On 2023-04-18 21:43, Per Jessen wrote:
Carlos E. R. wrote:
To avoid having packets dropped. ICMPs may be dropped, they have the lowest priority. If you are flood pinging your network - which I suggest 100 pings per second is - some will be dropped.
The test takes a minute to run. I tried 25 mS, no difference. Any command that does ping tests fails the test.
The '-i' argument seems to set the time between pings to different machines, try using '-p' instead.
Runs faster.
The same test, if run directly, without a switch, works perfectly.
On a ptp link, I'm sure it does.
It proves that the router has no problem responding a ping flood.
The old router worked fine.

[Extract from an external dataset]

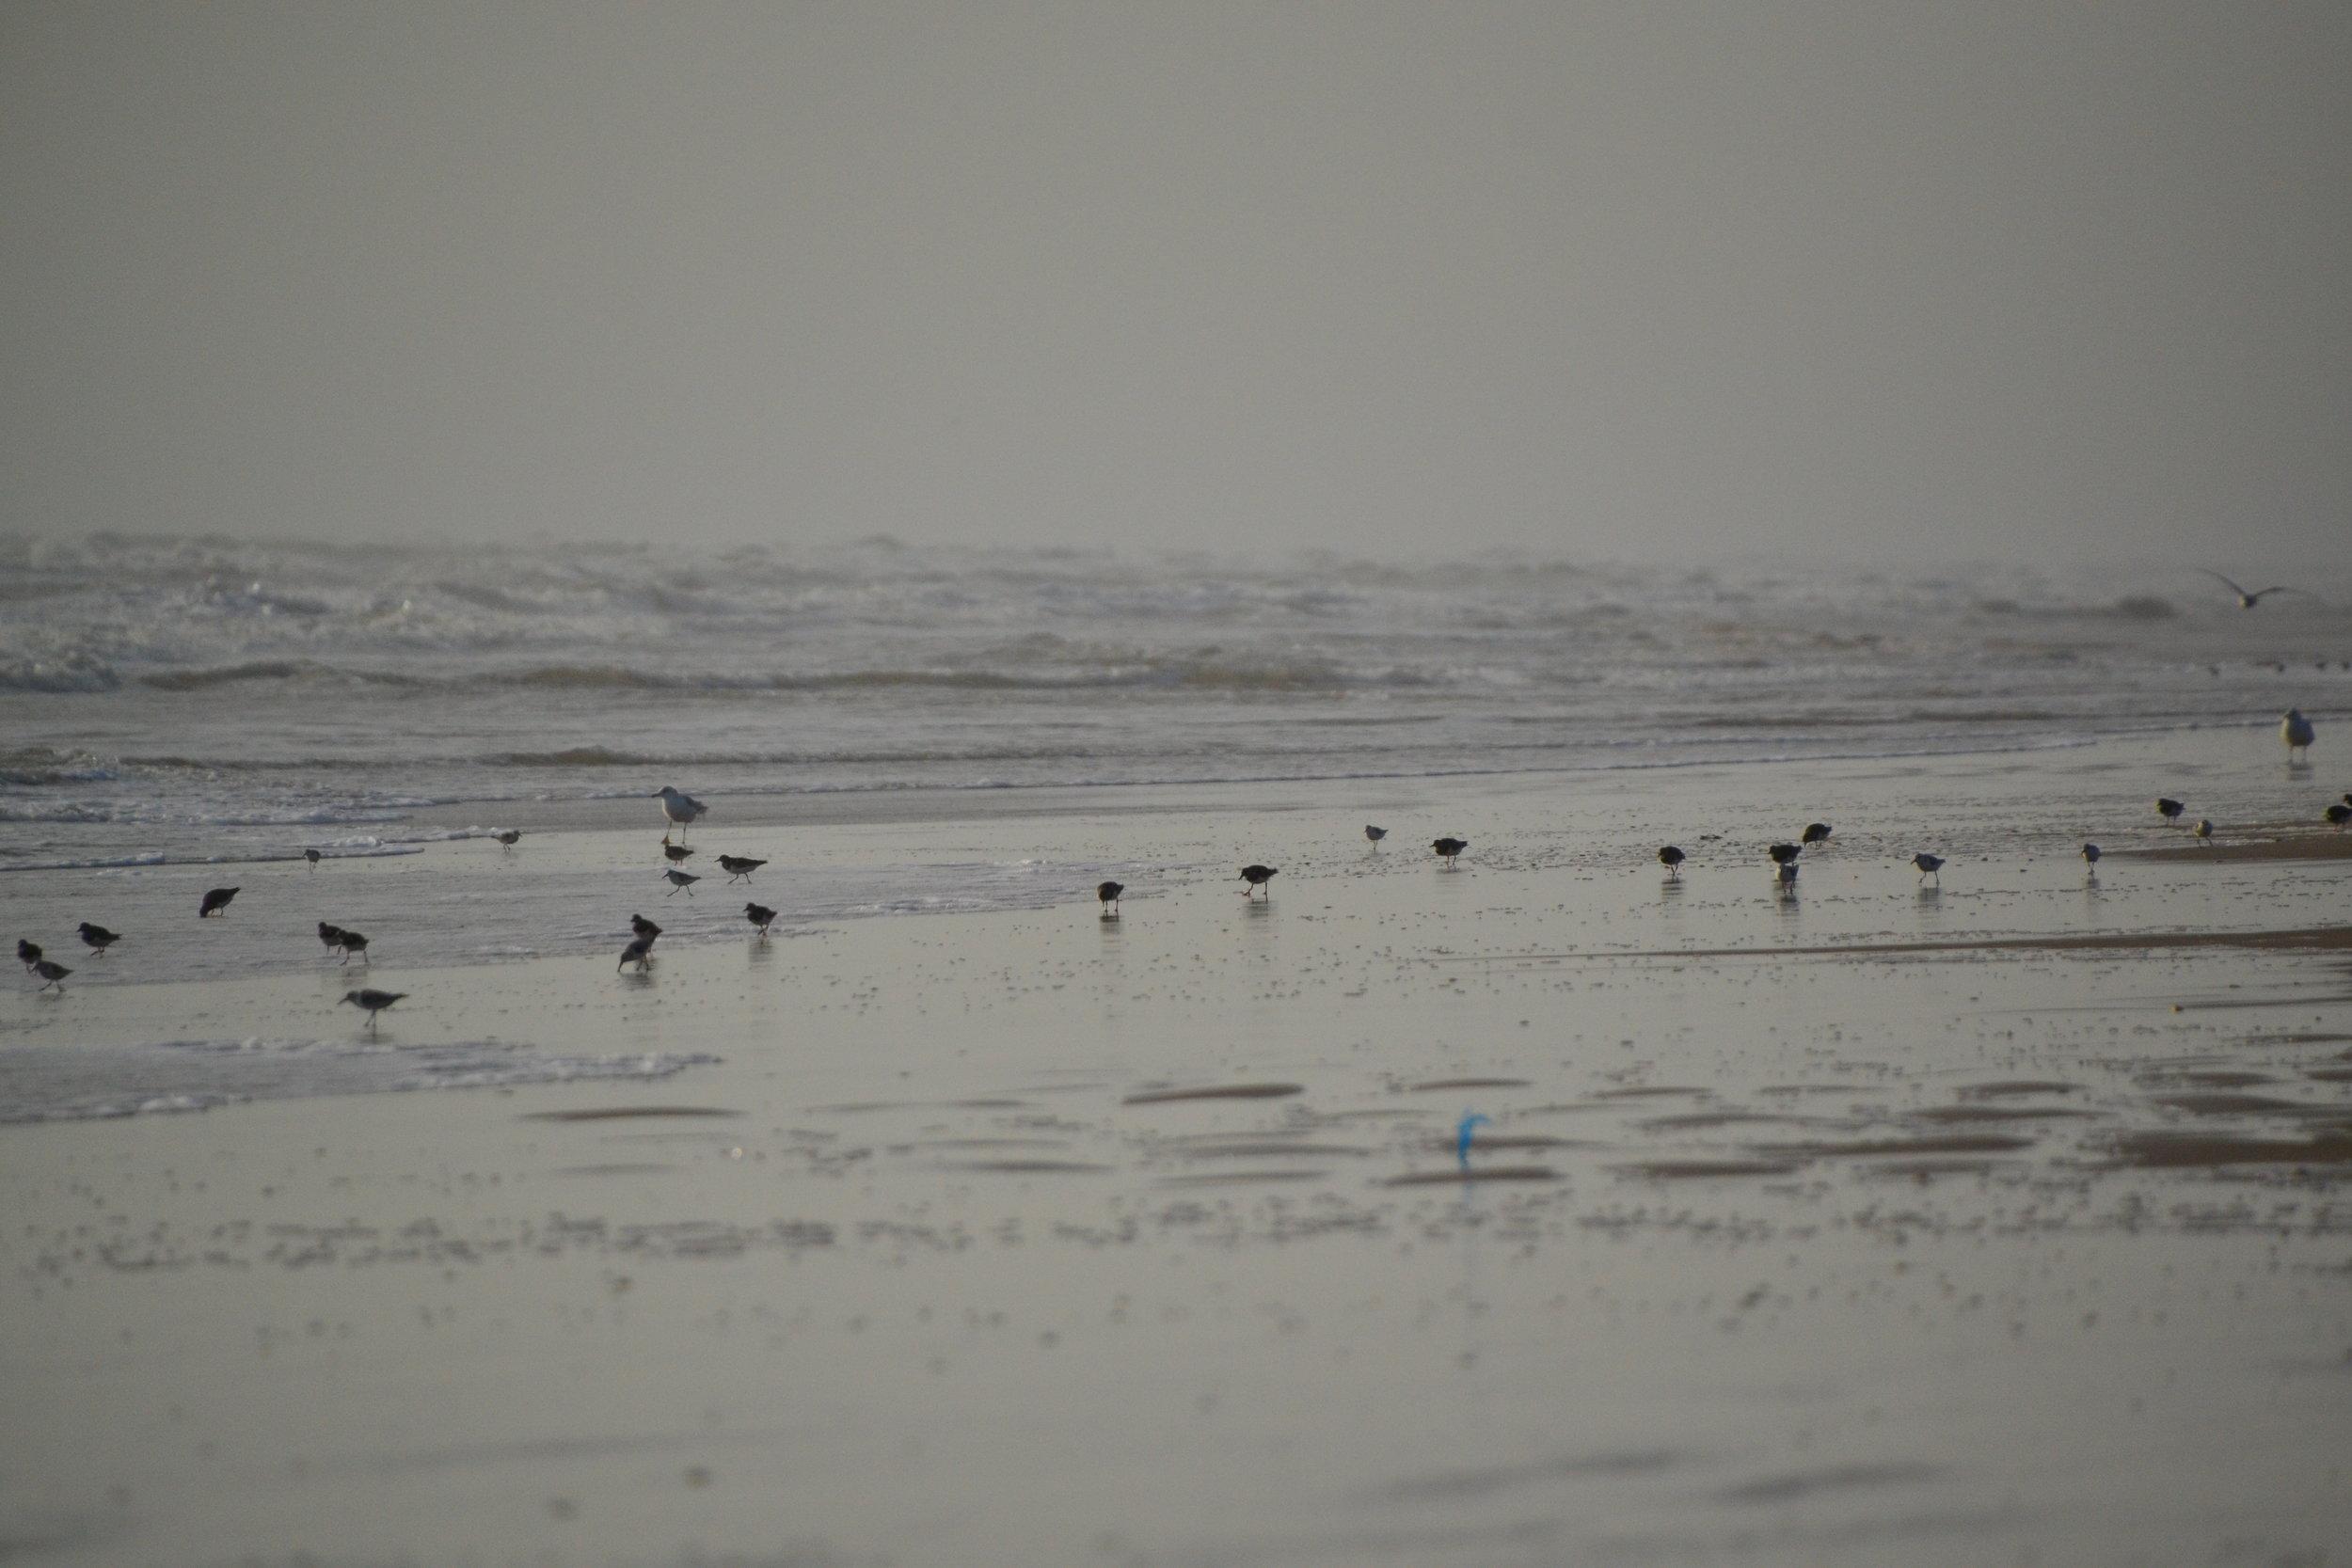 Winter's morning, shorebirds.

They replaced the router, and I lost ALL connectivity switch-router. They replaced the router, and I have this, 30% loss. When I try any web site, there is a delay, compared to the old router. Many packages fail, but being TCP it tries again.
FWIW, between two office machines on the same Netgear Gbit switch, I think it is only shared with a printer - I ran
fping --quiet -6 -p1 -c1000 - 0% loss.
Okay, with your invocation, it does a ping per second, which you would think ought to be fine - still, from my TW test machine to our main firewall, at 1ping/sec, I also see 10% loss. (I think it traverses maybe three switches, I'm not sure).
ICMPs can be ignored, just like UDP.
Fine, suggest some other way to prove/test connectivity from computer to router. I think I also tested with some other protocol instead of ICMP. Again: many web pages take seconds to start responding and load. -- Cheers / Saludos, Carlos E. R. (from 15.4 x86_64 at Telcontar)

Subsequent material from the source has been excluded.